During last week's hearing, B. Frank Earnest Sr., a representative of the Virginia chapter of the Sons of Confederate Veterans, said it's clear that the statues memorialize people who sacrificed their lives during a war, "Not some silliness about Jim Crow and trying to bring back slavery or whatever silliness they think it is," the Times-Dispatch reported.
For now, the fate of the monuments, which were erected decades after the Civil War ended, between 1890 and 1930, is more uncertain than ever before.
"While we had hoped to use this process to educate Virginians about the history behind these monuments, the events of the last week may have fundamentally changed our ability to do so by revealing their power to serve as a rallying point for division and intolerance and violence," Stoney said Wednesday.
The Monument Avenue statues have been targeted and even defaced by protesters in the past, but they have yet to inspire the kind of violence seen in Charlottesville this past weekend.
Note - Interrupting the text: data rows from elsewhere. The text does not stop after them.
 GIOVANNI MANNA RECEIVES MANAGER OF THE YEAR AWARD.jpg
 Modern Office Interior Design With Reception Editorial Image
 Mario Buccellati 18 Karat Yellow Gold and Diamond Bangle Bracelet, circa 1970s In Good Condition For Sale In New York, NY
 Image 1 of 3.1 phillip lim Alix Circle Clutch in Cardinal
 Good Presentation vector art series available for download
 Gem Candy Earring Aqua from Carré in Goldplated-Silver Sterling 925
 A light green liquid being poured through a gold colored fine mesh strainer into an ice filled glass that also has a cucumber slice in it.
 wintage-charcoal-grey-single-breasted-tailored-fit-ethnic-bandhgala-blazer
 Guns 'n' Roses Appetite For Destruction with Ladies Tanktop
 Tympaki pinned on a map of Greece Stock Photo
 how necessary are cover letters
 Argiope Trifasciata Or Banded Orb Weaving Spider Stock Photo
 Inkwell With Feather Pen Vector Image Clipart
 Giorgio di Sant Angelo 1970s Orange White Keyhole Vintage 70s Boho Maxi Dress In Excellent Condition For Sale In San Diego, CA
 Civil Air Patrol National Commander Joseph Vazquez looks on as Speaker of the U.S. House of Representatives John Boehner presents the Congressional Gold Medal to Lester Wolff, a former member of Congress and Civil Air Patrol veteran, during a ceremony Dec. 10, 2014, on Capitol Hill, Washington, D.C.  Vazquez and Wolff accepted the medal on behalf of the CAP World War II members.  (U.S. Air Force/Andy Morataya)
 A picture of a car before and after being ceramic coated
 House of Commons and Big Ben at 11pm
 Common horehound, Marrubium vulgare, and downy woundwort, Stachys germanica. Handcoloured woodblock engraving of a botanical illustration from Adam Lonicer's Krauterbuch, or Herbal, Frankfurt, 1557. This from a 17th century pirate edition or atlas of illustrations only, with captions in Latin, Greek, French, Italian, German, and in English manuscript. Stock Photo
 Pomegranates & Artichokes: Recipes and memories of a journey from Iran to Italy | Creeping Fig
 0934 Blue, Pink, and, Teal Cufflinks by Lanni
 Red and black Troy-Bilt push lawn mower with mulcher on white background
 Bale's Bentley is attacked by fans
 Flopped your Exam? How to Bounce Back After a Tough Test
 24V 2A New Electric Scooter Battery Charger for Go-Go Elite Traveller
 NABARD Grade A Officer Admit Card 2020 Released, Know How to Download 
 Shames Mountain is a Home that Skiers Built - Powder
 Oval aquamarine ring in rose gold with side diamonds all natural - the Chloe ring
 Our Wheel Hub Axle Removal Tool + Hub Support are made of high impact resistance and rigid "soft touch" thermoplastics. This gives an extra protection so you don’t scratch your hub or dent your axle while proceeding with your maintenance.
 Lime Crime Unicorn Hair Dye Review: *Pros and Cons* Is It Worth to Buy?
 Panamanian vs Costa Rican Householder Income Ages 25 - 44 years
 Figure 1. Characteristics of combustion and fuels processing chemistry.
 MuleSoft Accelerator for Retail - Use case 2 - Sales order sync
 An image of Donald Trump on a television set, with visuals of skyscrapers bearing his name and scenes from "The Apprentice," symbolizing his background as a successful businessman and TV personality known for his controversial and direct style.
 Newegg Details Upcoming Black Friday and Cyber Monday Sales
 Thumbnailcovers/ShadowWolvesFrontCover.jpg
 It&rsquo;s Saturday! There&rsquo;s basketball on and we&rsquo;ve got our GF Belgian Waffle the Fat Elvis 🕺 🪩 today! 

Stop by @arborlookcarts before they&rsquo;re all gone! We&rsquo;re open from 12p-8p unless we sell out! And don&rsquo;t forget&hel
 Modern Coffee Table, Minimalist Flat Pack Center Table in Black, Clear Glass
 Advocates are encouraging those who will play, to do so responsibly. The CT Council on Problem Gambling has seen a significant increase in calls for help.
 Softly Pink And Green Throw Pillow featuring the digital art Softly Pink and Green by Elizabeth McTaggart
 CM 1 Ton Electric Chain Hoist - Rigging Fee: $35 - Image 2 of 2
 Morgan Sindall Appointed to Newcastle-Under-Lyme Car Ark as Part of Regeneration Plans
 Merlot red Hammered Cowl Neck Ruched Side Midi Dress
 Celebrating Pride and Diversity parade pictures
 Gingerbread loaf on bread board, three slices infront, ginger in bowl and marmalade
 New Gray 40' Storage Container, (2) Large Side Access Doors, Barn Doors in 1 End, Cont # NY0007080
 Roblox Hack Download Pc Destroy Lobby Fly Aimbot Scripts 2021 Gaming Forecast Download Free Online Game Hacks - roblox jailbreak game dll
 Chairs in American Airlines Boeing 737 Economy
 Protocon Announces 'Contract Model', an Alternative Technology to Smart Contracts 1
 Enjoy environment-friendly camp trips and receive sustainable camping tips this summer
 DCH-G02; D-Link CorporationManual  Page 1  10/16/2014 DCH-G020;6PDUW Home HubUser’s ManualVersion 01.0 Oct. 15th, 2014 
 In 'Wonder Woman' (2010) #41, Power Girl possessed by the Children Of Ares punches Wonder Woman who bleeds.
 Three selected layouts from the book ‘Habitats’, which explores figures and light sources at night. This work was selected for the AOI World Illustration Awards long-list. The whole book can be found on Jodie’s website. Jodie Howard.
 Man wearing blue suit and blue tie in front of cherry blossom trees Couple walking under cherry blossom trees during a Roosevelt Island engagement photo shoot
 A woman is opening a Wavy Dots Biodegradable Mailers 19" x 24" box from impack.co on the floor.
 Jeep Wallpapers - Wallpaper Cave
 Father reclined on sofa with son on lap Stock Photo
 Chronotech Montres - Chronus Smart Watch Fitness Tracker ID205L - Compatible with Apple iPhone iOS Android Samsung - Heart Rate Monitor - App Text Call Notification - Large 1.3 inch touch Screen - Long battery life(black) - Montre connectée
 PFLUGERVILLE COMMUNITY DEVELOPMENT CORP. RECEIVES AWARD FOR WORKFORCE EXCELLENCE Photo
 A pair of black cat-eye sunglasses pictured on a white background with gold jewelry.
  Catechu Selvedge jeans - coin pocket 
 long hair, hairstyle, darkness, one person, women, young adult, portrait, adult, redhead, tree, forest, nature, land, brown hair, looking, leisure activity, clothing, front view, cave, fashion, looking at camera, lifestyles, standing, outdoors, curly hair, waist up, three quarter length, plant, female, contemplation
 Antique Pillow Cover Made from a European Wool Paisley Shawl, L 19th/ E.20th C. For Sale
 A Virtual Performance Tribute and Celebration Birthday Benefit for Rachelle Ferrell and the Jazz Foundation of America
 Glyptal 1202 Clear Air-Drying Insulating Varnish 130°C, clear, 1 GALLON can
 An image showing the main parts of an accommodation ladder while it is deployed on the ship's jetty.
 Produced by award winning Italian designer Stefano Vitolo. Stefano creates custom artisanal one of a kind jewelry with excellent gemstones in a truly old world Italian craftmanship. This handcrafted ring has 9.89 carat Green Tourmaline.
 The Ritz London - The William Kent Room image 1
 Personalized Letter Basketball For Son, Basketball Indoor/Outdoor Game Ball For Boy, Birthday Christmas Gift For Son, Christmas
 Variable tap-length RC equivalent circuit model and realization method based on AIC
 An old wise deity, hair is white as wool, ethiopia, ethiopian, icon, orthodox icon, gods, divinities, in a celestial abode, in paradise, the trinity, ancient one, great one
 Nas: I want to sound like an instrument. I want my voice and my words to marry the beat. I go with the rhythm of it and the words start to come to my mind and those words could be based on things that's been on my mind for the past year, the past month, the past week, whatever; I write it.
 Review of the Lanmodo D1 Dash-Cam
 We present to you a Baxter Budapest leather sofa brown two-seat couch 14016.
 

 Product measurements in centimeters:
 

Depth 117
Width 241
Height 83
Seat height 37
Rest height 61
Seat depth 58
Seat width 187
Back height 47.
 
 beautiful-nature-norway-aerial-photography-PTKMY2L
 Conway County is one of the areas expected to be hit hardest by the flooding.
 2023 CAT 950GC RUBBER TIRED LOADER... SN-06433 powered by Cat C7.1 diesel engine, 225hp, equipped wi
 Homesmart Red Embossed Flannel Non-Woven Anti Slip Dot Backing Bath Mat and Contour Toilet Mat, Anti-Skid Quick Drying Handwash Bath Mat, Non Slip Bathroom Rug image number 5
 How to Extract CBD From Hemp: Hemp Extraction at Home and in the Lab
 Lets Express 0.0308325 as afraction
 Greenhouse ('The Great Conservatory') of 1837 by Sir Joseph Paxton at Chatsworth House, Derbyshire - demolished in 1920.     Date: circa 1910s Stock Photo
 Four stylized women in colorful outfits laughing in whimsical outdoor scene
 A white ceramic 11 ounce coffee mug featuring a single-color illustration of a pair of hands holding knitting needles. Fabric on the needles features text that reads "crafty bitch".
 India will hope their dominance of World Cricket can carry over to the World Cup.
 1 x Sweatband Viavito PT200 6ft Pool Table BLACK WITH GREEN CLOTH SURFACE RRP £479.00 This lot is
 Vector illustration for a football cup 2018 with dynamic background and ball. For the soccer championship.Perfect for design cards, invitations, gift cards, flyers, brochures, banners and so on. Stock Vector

Following the presidential election in November, protesters spray-painted "your vote was a hate crime" across two of the monuments. More recently, on Sunday night, hundreds of people descended on Monument Avenue chanting "tear the racist statues down."
One man climbed onto the J.E.B. Stuart statue and planted an anti-fascist flag on Stuart's horse.
It looked as if the city may be facing an even bigger rally next month, following reports that a Confederate-heritage advocate had filed a request to hold a rally at the Robert E. Lee memorial on September 16, three days after the next public hearing regarding the monuments.
But the request was rescinded Tuesday in the aftermath of the Charlottesville rally.
"Due to the potential for violence after Charlottesville, the rally on September 16 will not be held," Bragdon Bowling, who requested permission for the rally, told the Richmond Times-Dispatch. "I do not want to be part of an event where people are hurt or killed."
The next public hearing on the statues is slated for September 13. Until then, the city is holding its collective breath in hopes that nothing like what unfolded in Charlottesville descends on Monument Avenue.